Scientific classification
- Kingdom: Plantae
- Clade: Tracheophytes
- Clade: Angiosperms
- Clade: Eudicots
- Order: Caryophyllales
- Family: Cactaceae
- Subfamily: Cactoideae
- Genus: Matucana
- Species: M. huagalensis
- Binomial name: Matucana huagalensis (Donald & A.B.Lau) Bregman, Meerst., Melis & A.B.Pullen 1988
- Synonyms: Borzicactus huagalensis Donald & A.Lau 1970;

= Matucana huagalensis =

- Authority: (Donald & A.B.Lau) Bregman, Meerst., Melis & A.B.Pullen 1988
- Conservation status: CR
- Synonyms: Borzicactus huagalensis

Species of plant

Matucana huagalensis is a species of Matucana found in Peru.

==Description==
Matucana huagalensis usually grows solitary and only rarely sprouts with flattened, spherical to broadly cylindrical, green shoots and reaches heights of up to 25 cm with a diameter of 15 cm. There are about 18 sharp-edged, tuberous ribs. Of the white to light brown spines, some have a darker tip. The three to four central spines are up to 4 cm, the 18 to 20 radial spines 1 to 2 cm long.
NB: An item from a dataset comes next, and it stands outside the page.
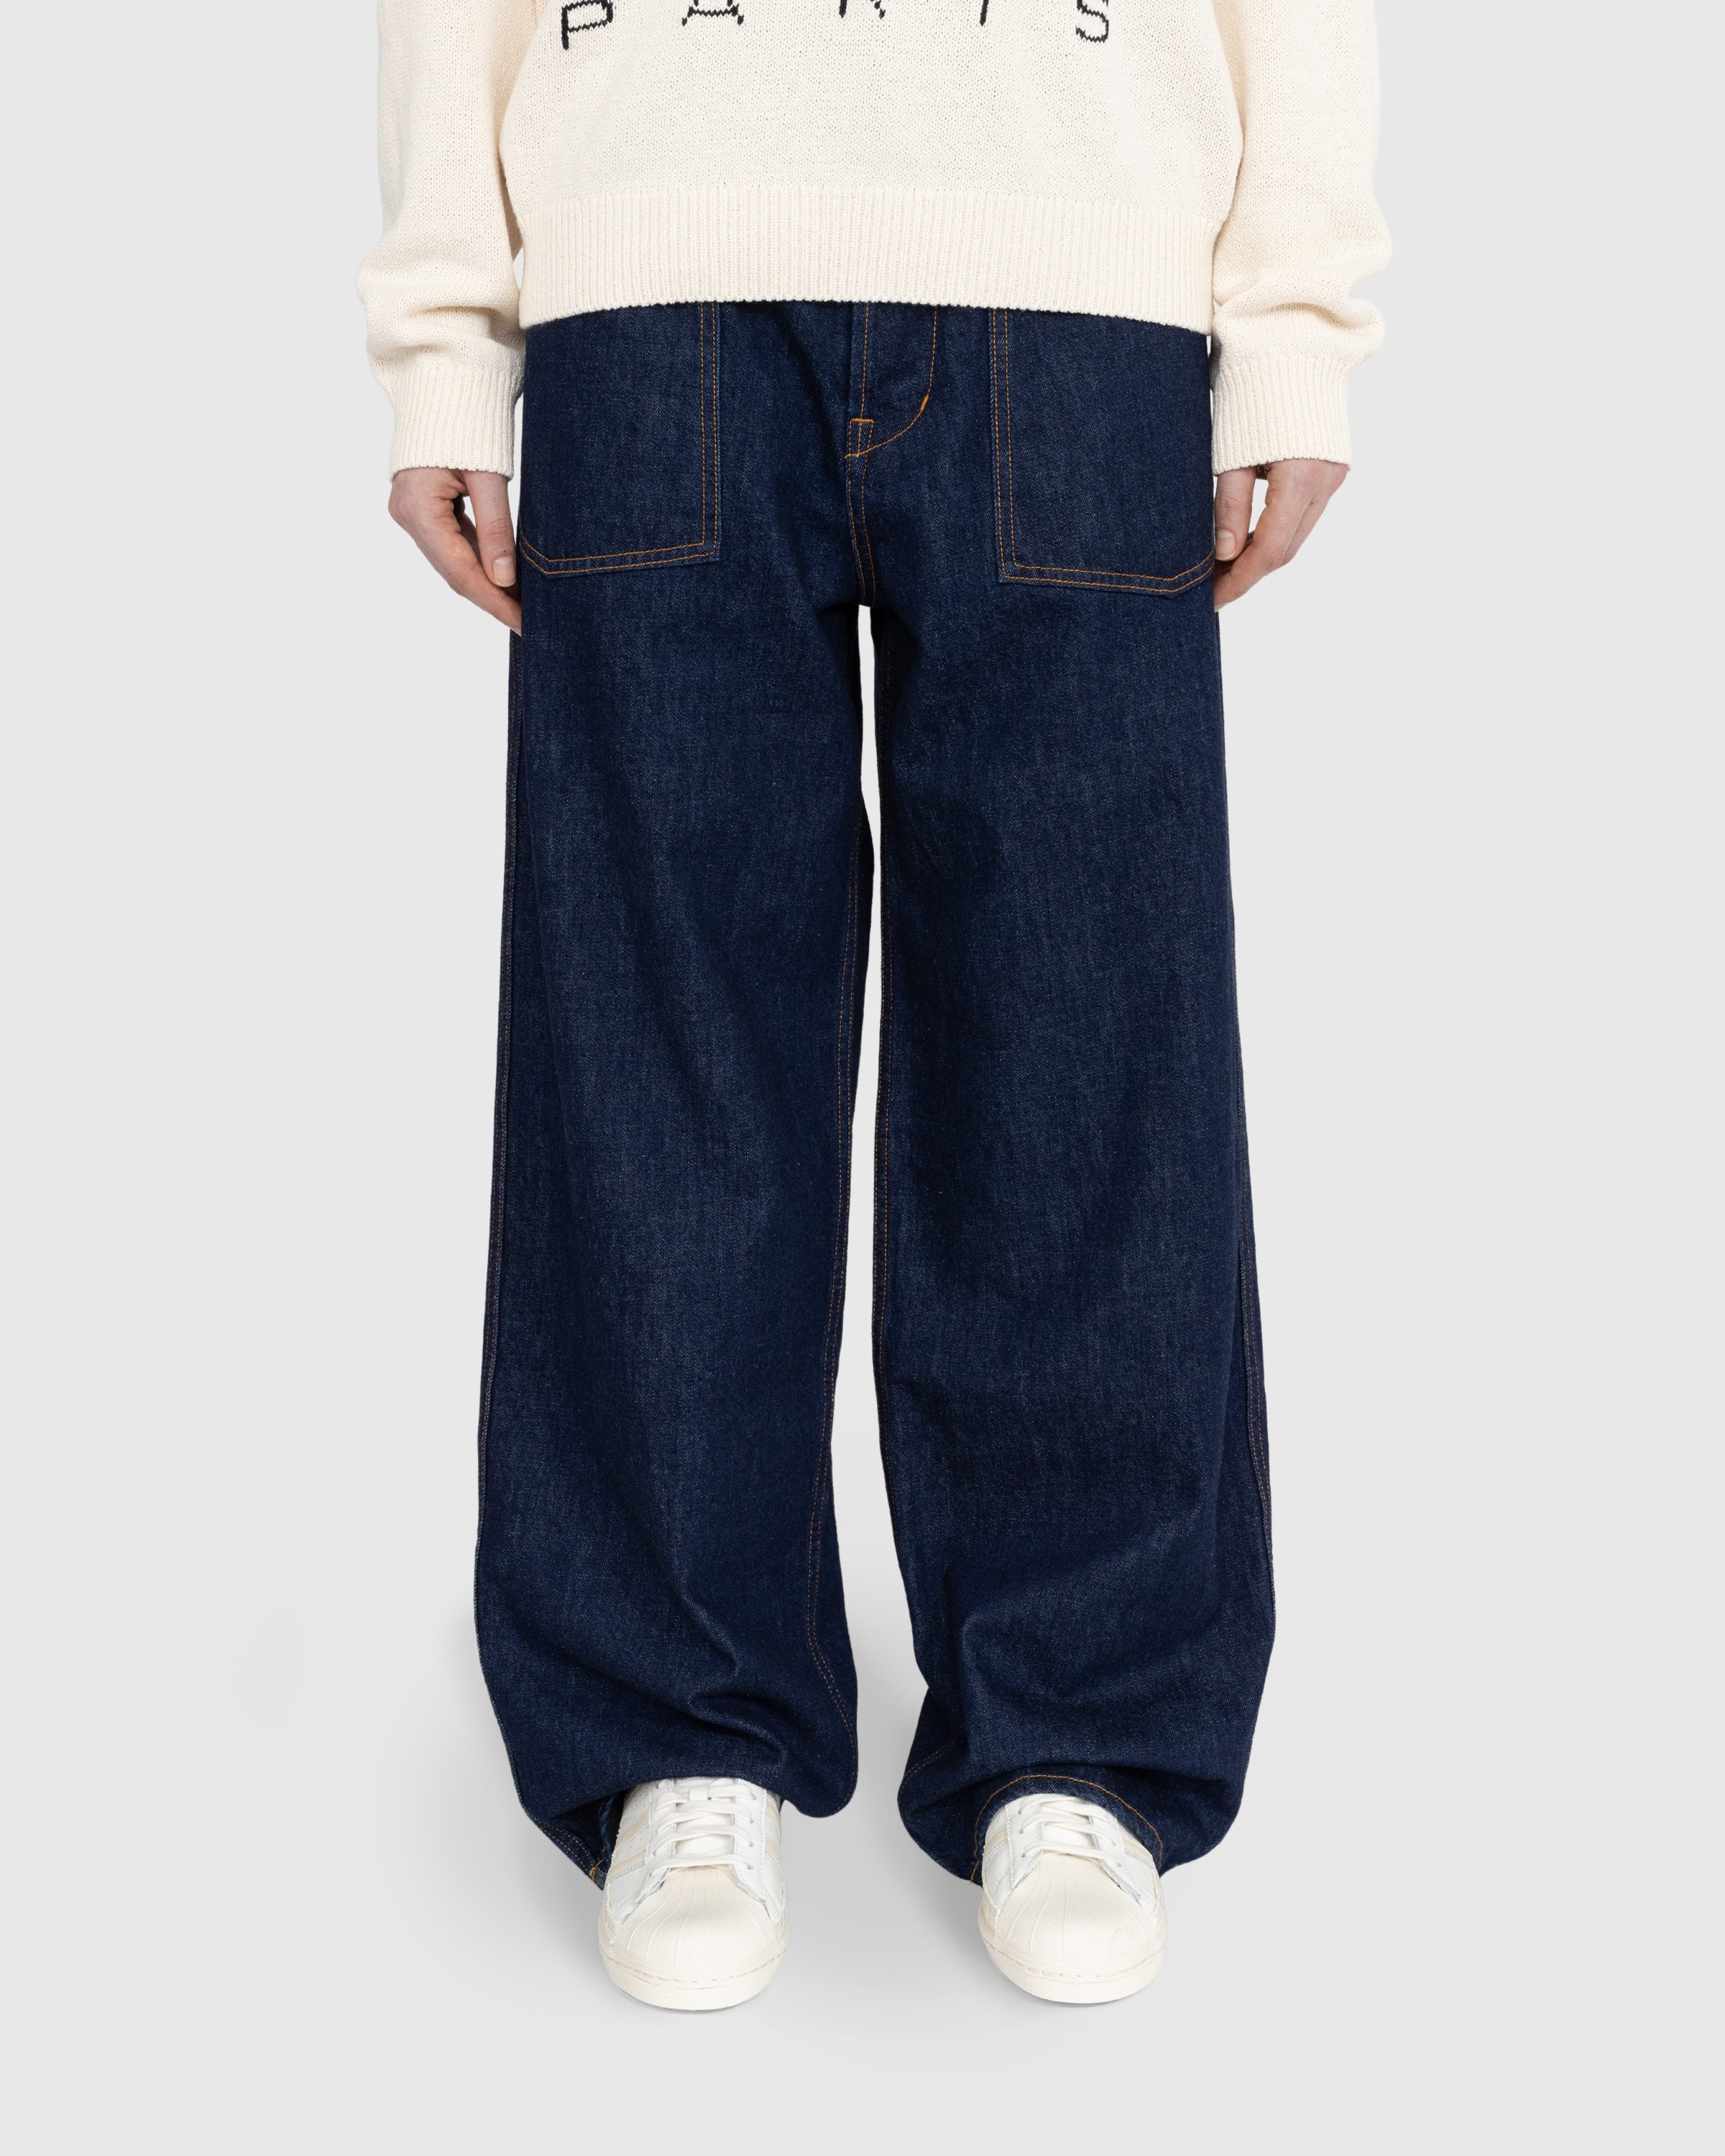 Kenzo - Sailor Loose Jeans - Clothing - Blue - Image 2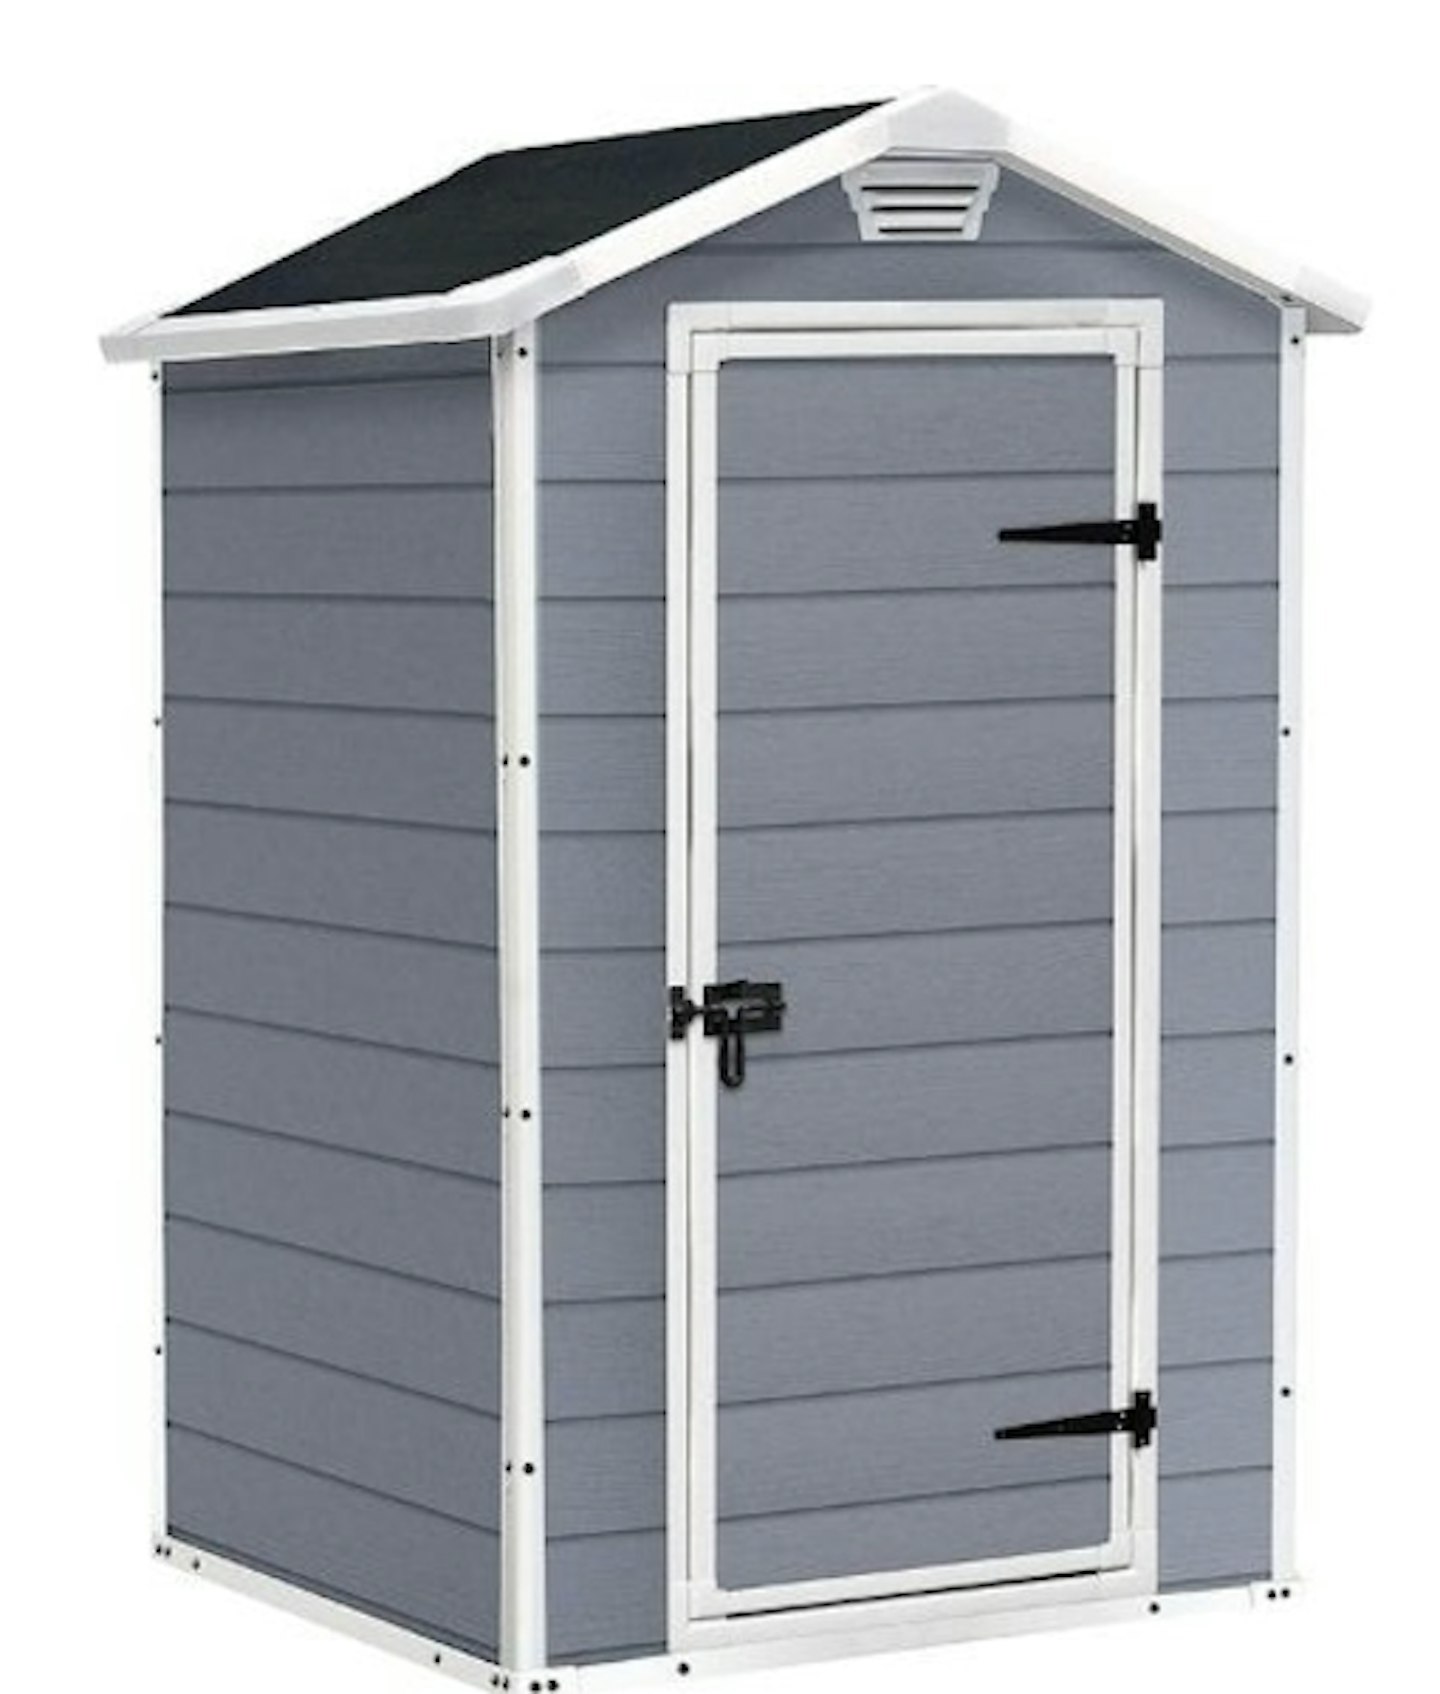 Keter Manor 4x3 Apex Grey Plastic Shed

The slightly crooked flowers are light pink to almost white. They are up to 10 cm long. The spherical fruits are green.

==Distribution==
Matucana huagalensis is located in the Peruvian Department of Cajamarca near the confluence of the Río Marañón and Río Crisnejas at an altitude of 2000 to 2500 meters.

==Taxonomy==
The first description as Borzicactus huagalensis was in 1970 by John Donald Donald and Alfred Bernhard Lau. The specific epithet huagalensis refers to the occurrence of the species on the Hacienda Hugal. Rob Bregman and his co-authors placed the species in the genus Matucana in 1988. A nomenclature synonym is Submatucana huagalensis (Donald & A.B.Lau) hort. (no year, nom. invalid. ICBN article 29.1).